103 lines (71 loc) · 5.44 KB

Configuring the Hive metastore

Hive metastore is responsible for storing all the metadata about the database tables we create in Presto and Hive. By default, the metastore stores this information in a local embedded Derby database in a PersistentVolume attached to the pod.

Generally the default configuration of Hive metastore works for small clusters, but users may wish to improve performance or move storage requirements out of cluster by using a dedicated SQL database for storing the Hive metastore data.

Configuring PersistentVolumes

Hive, by default requires one Persistent Volume to operate.

hive-metastore-db-data is the main PVC required by default. This PVC is used by Hive metastore to store metadata about tables, such as table name, columns, and location. Hive metastore is used by Presto and Hive server to lookup table metadata when processing queries. In practice, it is possible to remove this requirement by using MySQL or PostgreSQL for the Hive metastore database.

To install, Hive metastore requires that dynamic volume provisioning be enabled via a Storage Class, a persistent volume of the correct size must be manually pre-created, or that you use a pre-existing MySQL or PostgreSQL database.

Configuring the Storage Class for Hive Metastore

To configure and specify a StorageClass for the hive-metastore-db-data PVC, specify the StorageClass in your MeteringConfig. A example StorageClass section is included in metastore-storage.yaml.

Uncomment the spec.hive.spec.metastore.storage.class sections and replace the null in class: null value with the name of the StorageClass to use. Leaving the value null will cause Metering to use the default StorageClass for the cluster.

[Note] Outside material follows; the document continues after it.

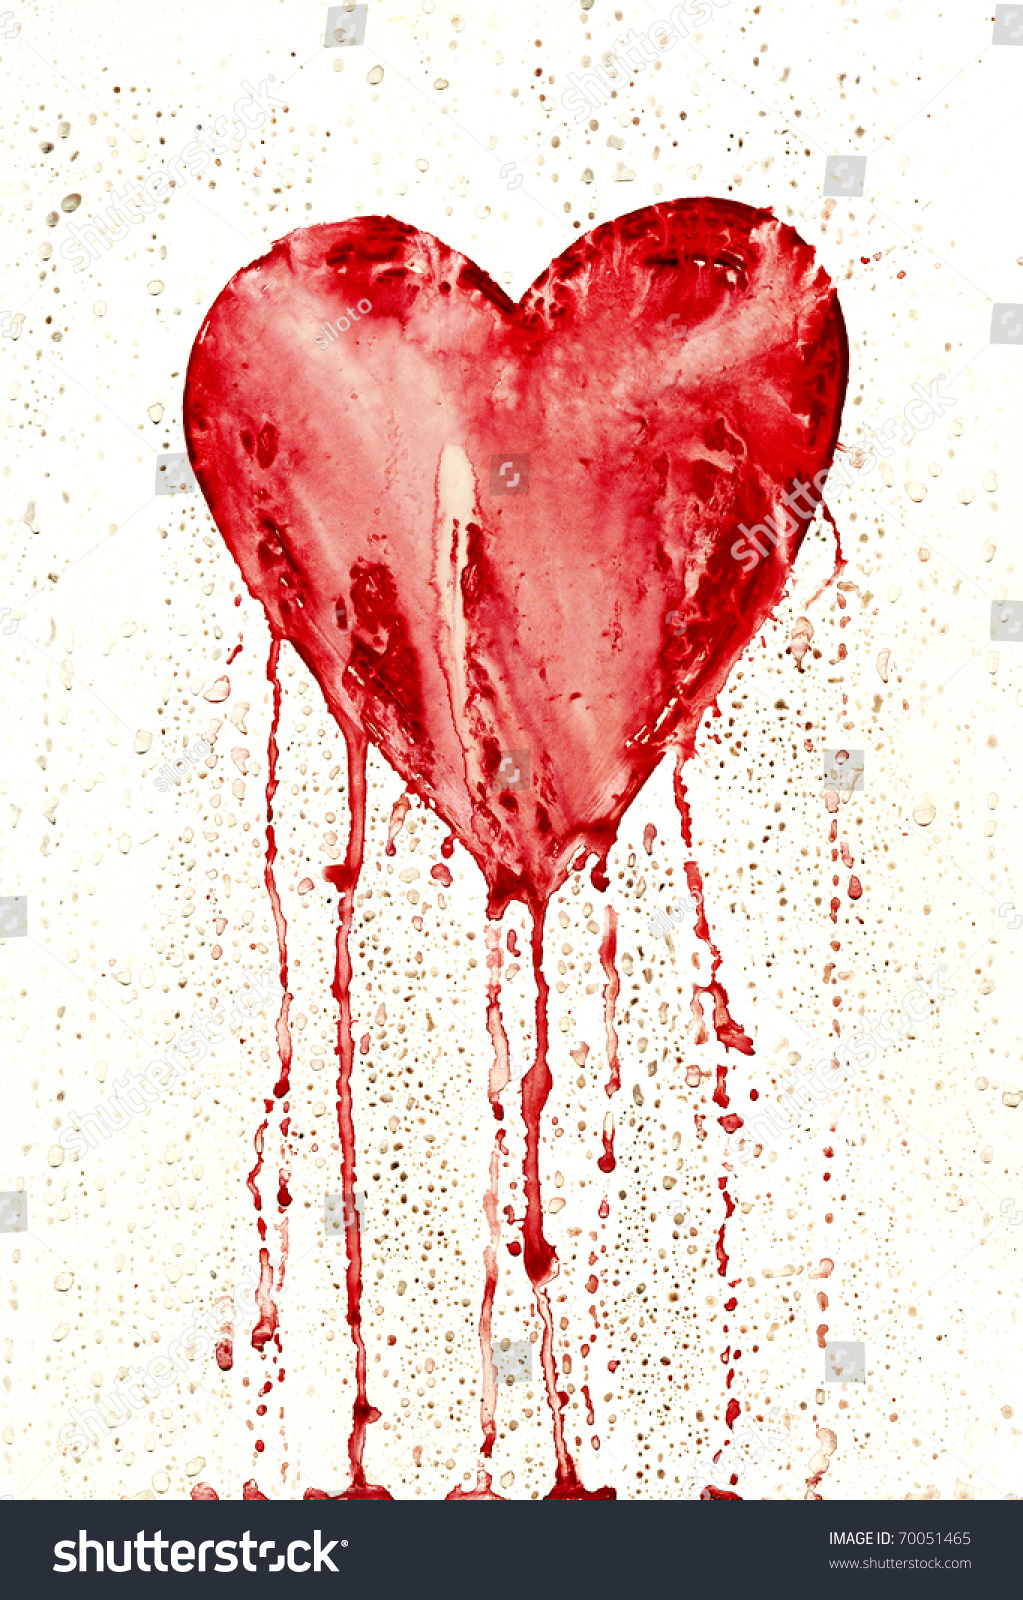 Bleeding heart symbol love stock illustration 70051465 shutterstock bleeding heart symbol of love biocorpaavc Gallery

Configuring the Volume Sizes for Hive Metastore

Use metastore-storage.yaml as a template and adjust the size: "5Gi" value to the desired capacity for the following sections:

  • spec.hive.spec.metastore.storage.size

Configuring the Database for Hive Metastore

By default, to make the installation easier, Metering configures Hive to use an embedded Java database called Derby, however this is unsuitable for larger environments or metering installations where a lot of reports and metrics are being collected.

Currently two alternative options are available, MySQL and PostgreSQL, both of which have been tested with the metering-operator.

There are three configuration options you can use to control the database used by Hive metastore: url , driver , and secretName.

  • url: the url of the MySQL or PostgreSQL instance. Examples are shown below.
  • driver: configures the class name for the JDBC driver that will be used to store the hive metadata.
  • secretName: the name of the secret which contains the base64 encrypted username and password for the database instance.

Before proceeding to following examples, you need to create a secret in the $METERING_NAMESPACE containing the base64 encrypted username and password combination to the database instance.

Through the command-line, you can replace the following commands wrapped in the <...> markers:

kubectl -n $METERING_NAMESPACE create secret generic <name of the secret> --from-literal=username=<database username> --from-literal=password=<database password>

Using MySQL for the Hive Metastore database

Metering supports configuring the internal Hive Metastore to use MySQL 5.6, 5.7, and 8.0 server versions.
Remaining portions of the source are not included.